The doctor will report you now. |
That’s not what the recent article in the online publication Parent Map is called, of course. The actual title is “What do Do If You Are Mistakenly Accused of Child Abuse in a Hospital Emergency Room.” But the authors should have made clear the advice only applies if the “You” in that headline is a white, middle-class person.
Between them the co-authors, a doctor and a lawyer, have five sets of “look-at-all-my advanced -degrees!” initials after their names. It begins with what happened to one of the authors, Katheryn Goldman, DMD, MPH, ABD:
My 9-year-old daughter was jumping on her bed. She bounced off, and I wound up taking her to the emergency room. She got two small stitches under her eye. Just a week later, two of our sons were engaged in some rough horseplay. Oops! Off to the emergency room I went again. Thankfully, no stitches were needed on the 4-year-old’s head. Both times, we were treated by the same nurse in the same examining room! I could sense that she looked at me with a tad of justifiable suspicion. That’s why I made sure that in both instances the children told the nurse what had happened. I did not want to give the impression that the kids were being coached in any way.Oops? Just – oops? Would she call the suspicion “justifiable” were she, at this very moment, making sure the house was spotless in case of a surprise inspection from CPS – in between her mandatory “counseling” and “parent education” classes? Would she feel that way were she fighting to get her child out of foster care? Two trips to the E.R. in a week, and one required a child to get stitches? How many impoverished Black parents could have that happen to their children without so much as a call to the family police?
This article is not the worst of its kind. One pediatrician / author has practically made a career out of writing this sort of essay.
But at no point do Dr.
Godman and her lawyer co-author, Daniel Pollack, MSW, JD, so much as
acknowledge that the kid gloves, anyone-can-have-an-oops treatment is reserved
for the white middle class.
Then comes a claim that, for some hospitals, is demonstrably false. They write:
Simply because a child gets injured and is treated at an emergency room does not mean that Child Protection Services (CPS) will become involved. The hospital contacts CPS only when staff suspect maltreatment.
But just two days after the Parent Map story was published, KFMB-TV in San Diego reported this story:
A Marine Corps pilot and his wife are suing the County of San Diego after Child Welfare Services took their seven-month-old son from their home for more than a month after the boy head-butted his mother as he played after breastfeeding.
According to the story, the hospital apparently didn’t
believe the infant was abused but
submitted a hotline referral to the county as required when an infant is injured and admitted to the hospital.
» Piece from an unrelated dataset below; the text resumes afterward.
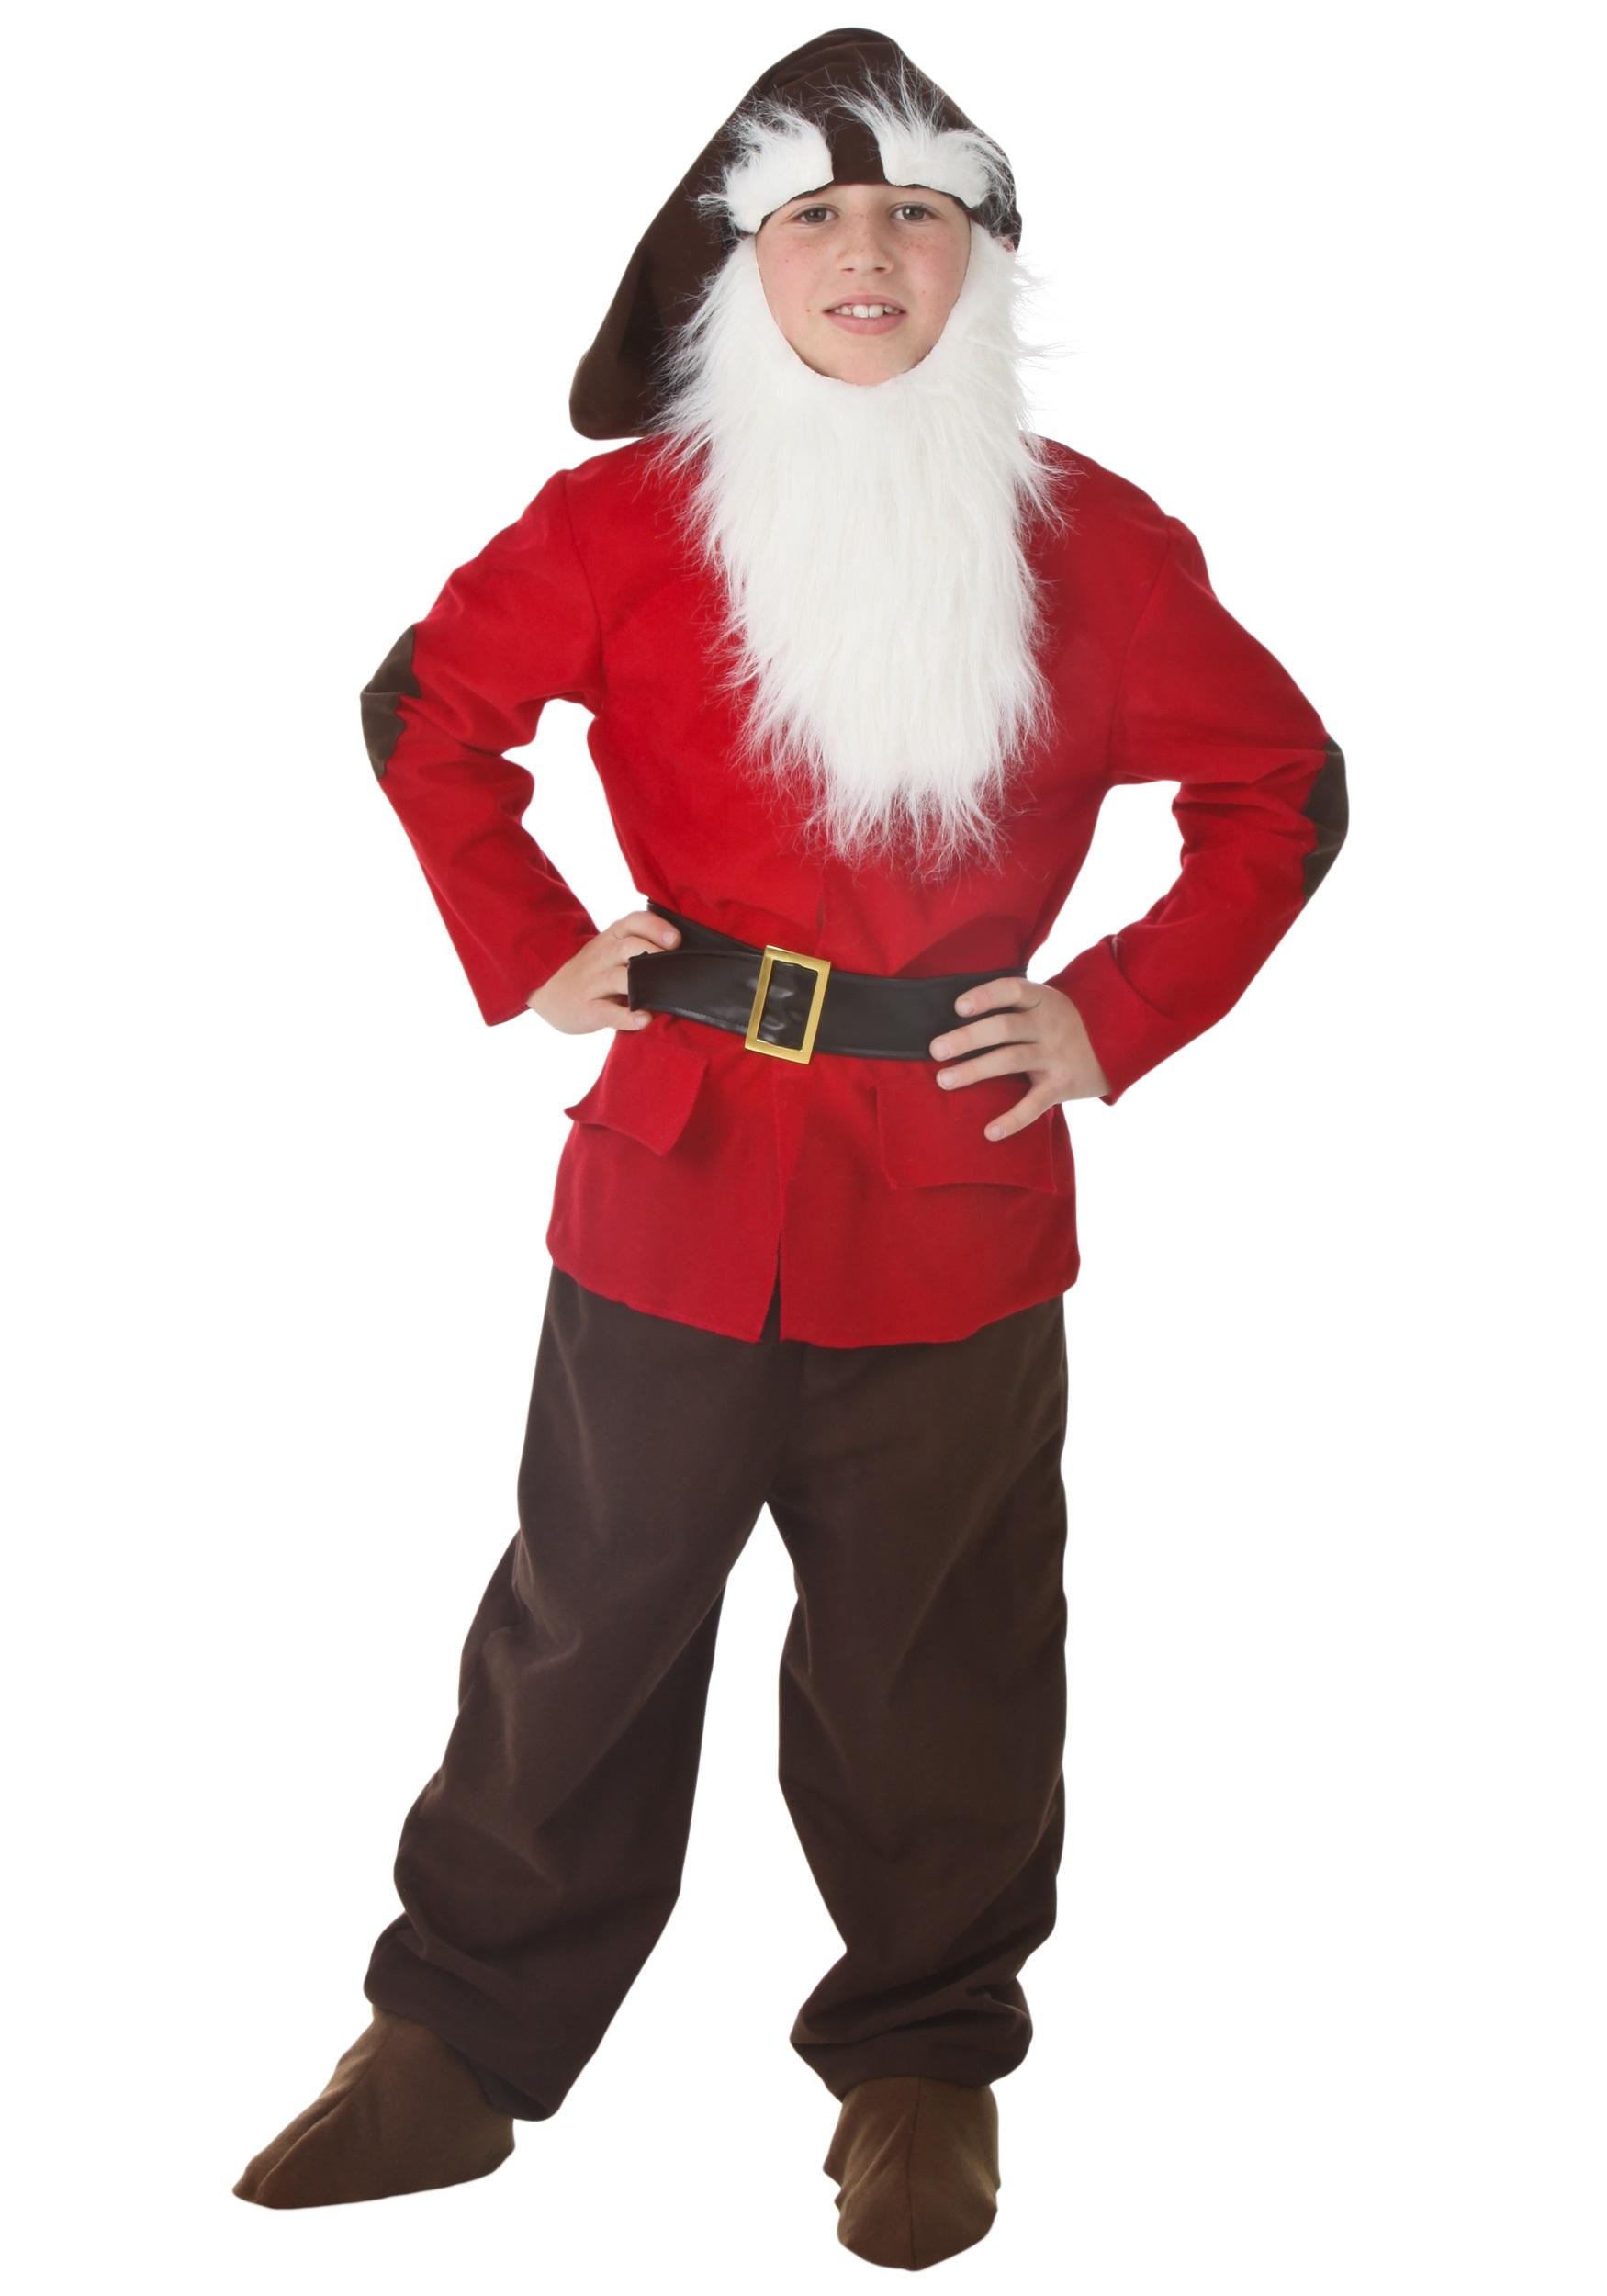 sleepy dwarf costume ideas

California law does not require this - it's simply a
hospital policy that makes every parent who brings in an infant with an injury automatically
suspect.
Similarly, when Children’s Hospital of Philadelphia
reported City Councilmember David Oh as a potential child abuser after one of
his children was injured as he taught the child martial arts, Oh says the
hospital social worker explained that she “typically reports injuries children
suffer in all sports.”
By the way, Councilmember Oh’s child was interviewed
separately and told the social worker what happened – just like Dr. Goldman’s
children. But somehow, the result was
different.
And these are just the hospitals that will say it out
loud.
But not only does the Parent Map article mislead on this
point, at no point does it mention the slew of studies showing that, where a report isn’t automatic, medical
personnel are far more likely to call the family police if the family is not
white.
Now let’s consider some advice the authors offer
concerning lawyers:
Even though things are happening fast in the ER, depending on the allegations, you may want to have an attorney present with you during any interviews with a CPS investigator. Under many circumstances — but not all — you may be inclined to proactively grant CPS access to your child. While you may have the authority to deny that access in some states, such a denial may cast you in a negative light. This is a judgment call to quickly consult an attorney about. [Emphasis added.]
Is it really necessary to point out the problem with this
advice? Poor people generally don’t have
a lawyer on speed dial. And with
extremely rare exceptions, the government isn’t going to provide one,
either. In some states, impoverished
families have no right to a lawyer at all.
In the rest, except for a few pilot programs, they’re only guaranteed a
lawyer after the family police have decided to haul the family into court.
Even then, it’s not the kind of lawyering the authors of
the Parent Map article have in mind.
Scholars who worked on studies of more than 20
different family policing systems found that
attorneys who represent parents or children have very high caseloads, in some jurisdictions, as high as 300 cases per attorney. Parents and youth consistently reported quick interactions with their attorneys, and many reported not knowing the name of their attorneys. Parents are routinely told to plead and accept case plans as the quickest way to get children back home and end system involvement.
Of course there’s nothing wrong with giving advice that applies only to white middle-class families – provided it comes with a warning label. The very fact that the authors saw no need to place such a label on their story, or even acknowledge that racial and class bias exist in the family policing system, is part of the reason we have such a system in the first place.